For the 10x_multi_config.csv the extensions will determine the form of the template (so that only the necessary elements are included).

The run_qc command will then determine the appropriate QC protocol to use based on the metadata values.

Troubleshooting

Single-library analyses fail for low read counts

It has been observed that when the Fastq files produced by the mkfastq command have very low read counts then the single-library analyses may fail, with cellranger count reporting an error of the form e.g.:

Could not auto-detect Single Cell 3' chemistry. Fraction of barcodes
on whitelist was at best 0.23%, while we expected at least 10.00% for
one of the chemistries.

There is currently no workaround for this issue.

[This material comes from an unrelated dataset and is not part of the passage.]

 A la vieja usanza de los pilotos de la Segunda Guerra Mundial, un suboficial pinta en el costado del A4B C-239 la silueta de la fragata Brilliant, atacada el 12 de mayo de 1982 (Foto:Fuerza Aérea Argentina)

Single-library analyses fail to detect chemistry automatically

By default cellranger count attempts to determine the chemistry used automatically, however this may fail if a low number of reads map to the reference genome and give an error of the form:

The chemistry was unable to be automatically determined. This can
happen if not enough reads originate from the given reference. Please
verify your choice of reference or explicitly specify the chemistry
via the --chemistry argument.

If the reference data being used is correct then use the --chemistry option to specify the appropriate assay configuration - see https://support.10xgenomics.com/single-cell-gene-expression/software/pipelines/latest/using/count

Appendices

Manual QC steps for single cell immune profiling data

Currently a full automated QC protocol is not available for Chromium 5’ single cell immune profiling: specifically, there is no provision for running Cellranger’s multi pipeline for each sample, or for automatically integrating the resulting outputs into the QC report.

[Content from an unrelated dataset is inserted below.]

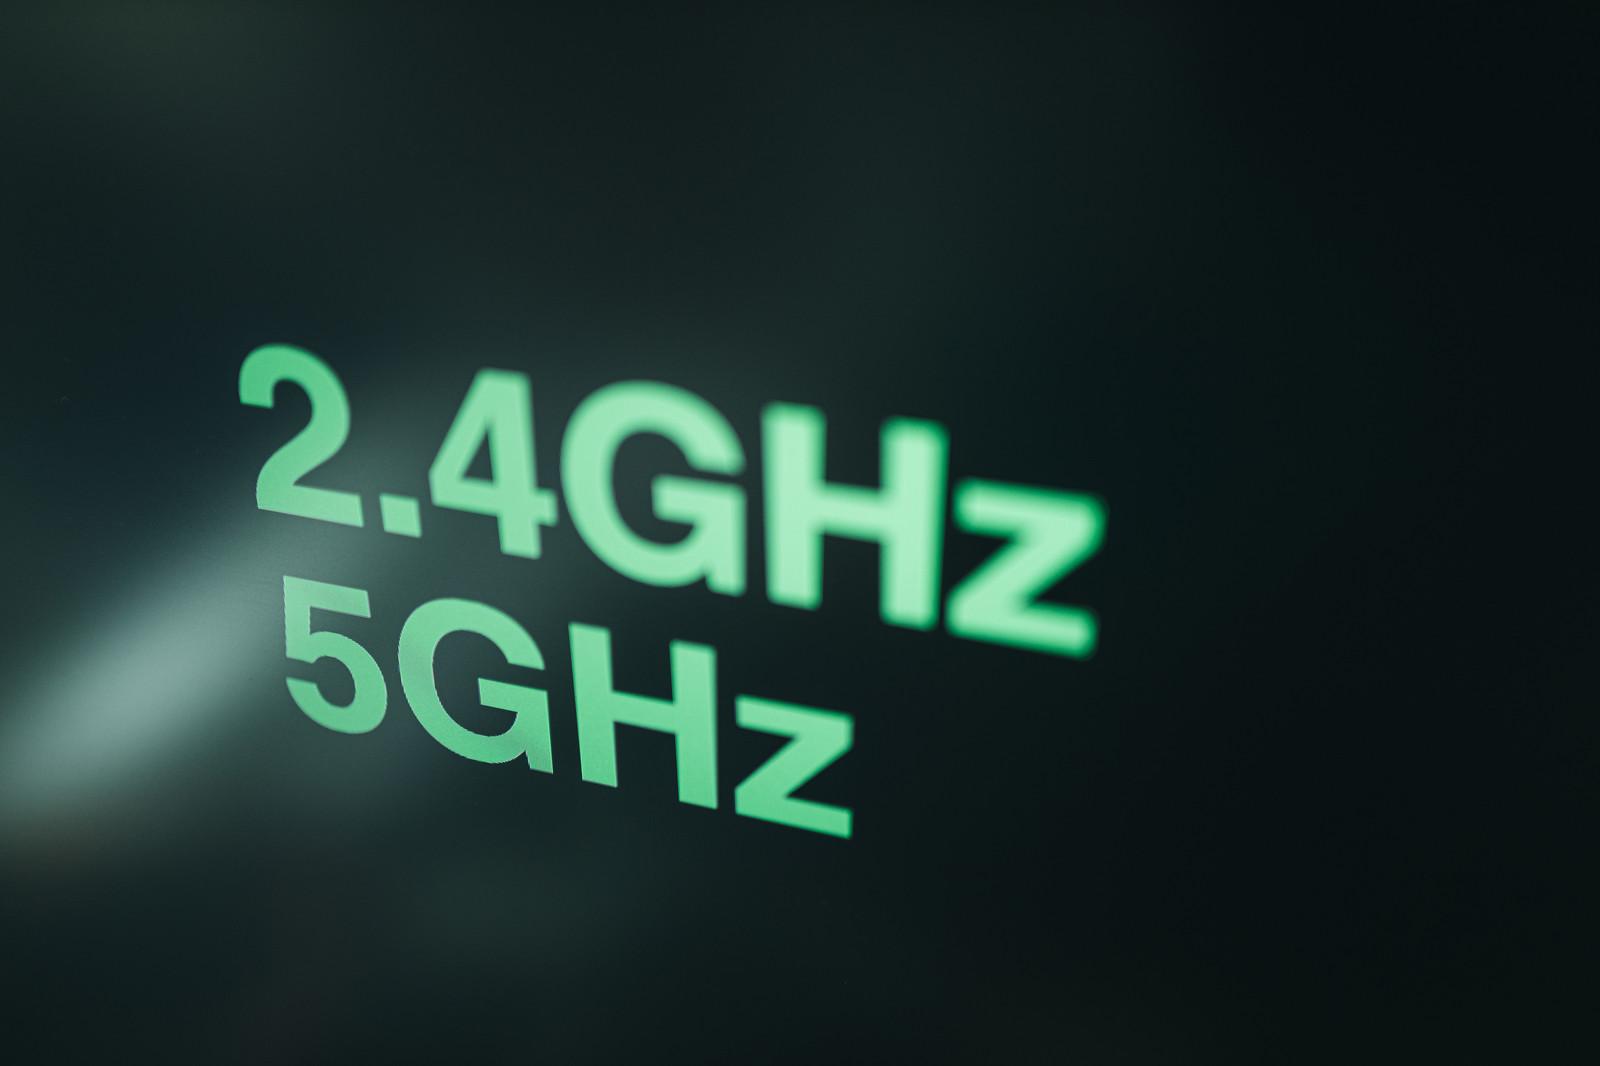 光回線 5ghz

It is possible to run the multi pipeline manually for each sample, using the sample-specific 10x_multi_config.<SAMPLE>.csv files.

For example, a script of the form:

#!/usr/bin/bash
#$ -N cellranger_multi_PJB01
#$ -V
#$ -cwd
#$ -j y
#$ -pe smp.pe 16
#$ -l mem256
mkdir -p cellranger_multi && cd cellranger_multi
/PATH/TO/cellranger multi \
--id PJB01 --csv PATH/TO/10x_multi_config.PJB01.csv \
--jobmode=local \
--localcores=16 \
--localmem=128 \
--maxjobs=24 \
--jobinterval=100

could be used to submit a Cellranger multi job for the PJB01 sample, with the outputs being created in a subdirectory cellranger_multi/PJB01 in the current directory.

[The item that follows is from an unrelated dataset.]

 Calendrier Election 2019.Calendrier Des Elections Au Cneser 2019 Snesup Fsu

To include the outputs in the QC report, copy the relevant files (specifically the web_summary.html files for each sample) into the QC directory and then create an extra_outputs.tsv which references these (as described in Including external (non-pipeline) outputs).

For example:

cellranger_multi/PJB01/web_summary.html    CellRanger multi output for PJB01

Rerunning run_qc will force update of the QC report which should then also link in these additional reports.